When I leave here, it’s time to right the wrongs of our past. I’ve missed seeing how much pain Wren still carries, and that needs to be my priority, not trying to help Liam put his life back together. He made a mess out of his life, and he’ll have to fix it. I’ve got to get my own house in order.
Chapter Seventeen
Wren - Present
I hateto admit that Charlie and Scott were right. I feel so much better looking like myself. Maybe I look a bit more like my old self. My best friend Bess recently made a huge change to the way she’s looked since I’ve known her. She used to have this punk pixie look that was kind of a rocker chic vibe. Now she’s got this sexy, old Hollywood style. It’s still edgy compared to the other moms, but she doesn’t stand out like she did in shades of neon.
I think I need to reinvent myself a little, too. I don’t know. I feel like I need to be a different person in order to make my life make sense. If I were someone else, I wouldn’t be pulled under by problems I left behind a decade ago, or I should have at least.
Is it always going to be like this? I’m just going to go through my day, not knowing when I’m going to be smacked in the face by the fact that the first man I loved used me as a scapegoat foreverything that went wrong in his life, then easily pulled himself together for someone else?
Griffin pretty much treated me like shit back then, too. I know he says that the reason was that he was fighting his feelings for me. I believe him most of the time, but when this insecurity hits me, I find myself wondering if maybe there is just something about me that is fundamentally unlovable. There’s a voice that whispers that somehow I deserved the way both of them treated me, and that if I don’t do everything right, I will end up on the other end of Griffin’s ire again.
Liam blowing up at me like he did the day Griffin dragged him off to rehab is nothing. At least it’s nothing I haven’t heard from him before. I thought I’d have had a stronger reaction to it, but if anything, all I’ve felt for the last couple of months is numb.
The only thing I’m truly afraid of is losing Griffin.
I need to stop hiding from the things that scare me and deal with this shit. I’m not going to let Liam take any more of my peace. I know logically, the only thing that can break my relationship with Griffin is if I let these insecurities fester into me pushing him away. Not a single day has gone by that he hasn’t proven to me over and over that he loves me.

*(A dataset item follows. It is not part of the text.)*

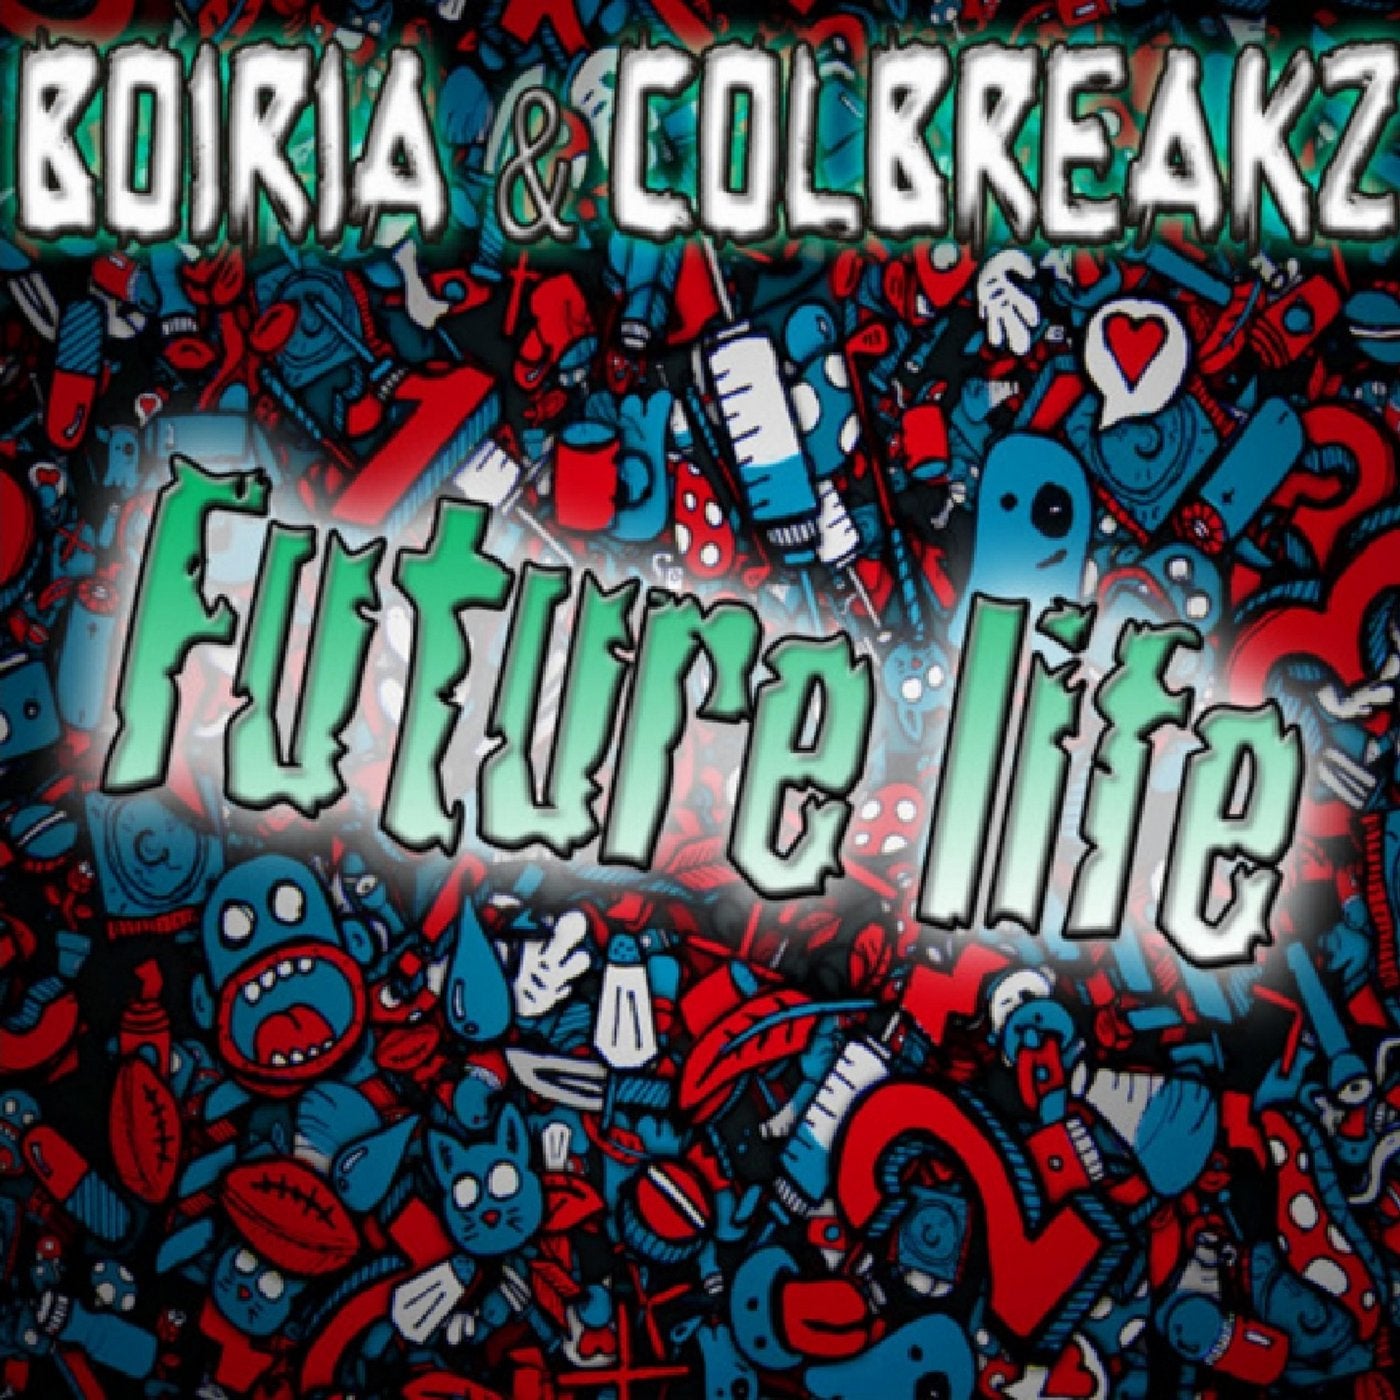 Future Life (feat. Boiria)

I would like to think I’ve done the same for him, but it can’t be easy watching me have some kind of existential crisis over some bullshit my ex said to me. It’s even worse for Griffin because Liam is his son. It’s not the first time he’s been pulled between us, but I thought those days were over. I can’t have him thinking that there’s any part of me that wants to be with Liam.
I don’t know why I’m having such a hard time telling him what is bothering me. Certainly, he’d rather find out I’m worried he’s going to revert into an asshole again than think I am still pining for my ex-husband. The problem with that is he’s done nothing to deserve my doubt.
The house is quiet when I exit my room. Scott is going to be a great dad if he was able to get my twin terrors out the door with minimal fuss. Parker is quickly entering the dreaded pre-teen years. There have already been full-on meltdowns about how either her hair or clothes looked. I’m not ready.
I’m digging through my purse for my keys so I can lock the deadbolt when I step out onto the front porch. Good thing we live in such a safe neighborhood, because I have zero awareness of my surroundings today.
“Wrenegade, I hear we’re taking a road trip.” I look up and see Bess holding out a cup of coffee for me.
“You are a goddess among women,” I say to her as I grab the cup. This isn’t my first cup of the day, but I’m going to need a few more still if I’m going to make it through the day after the tossing and turning I did last night.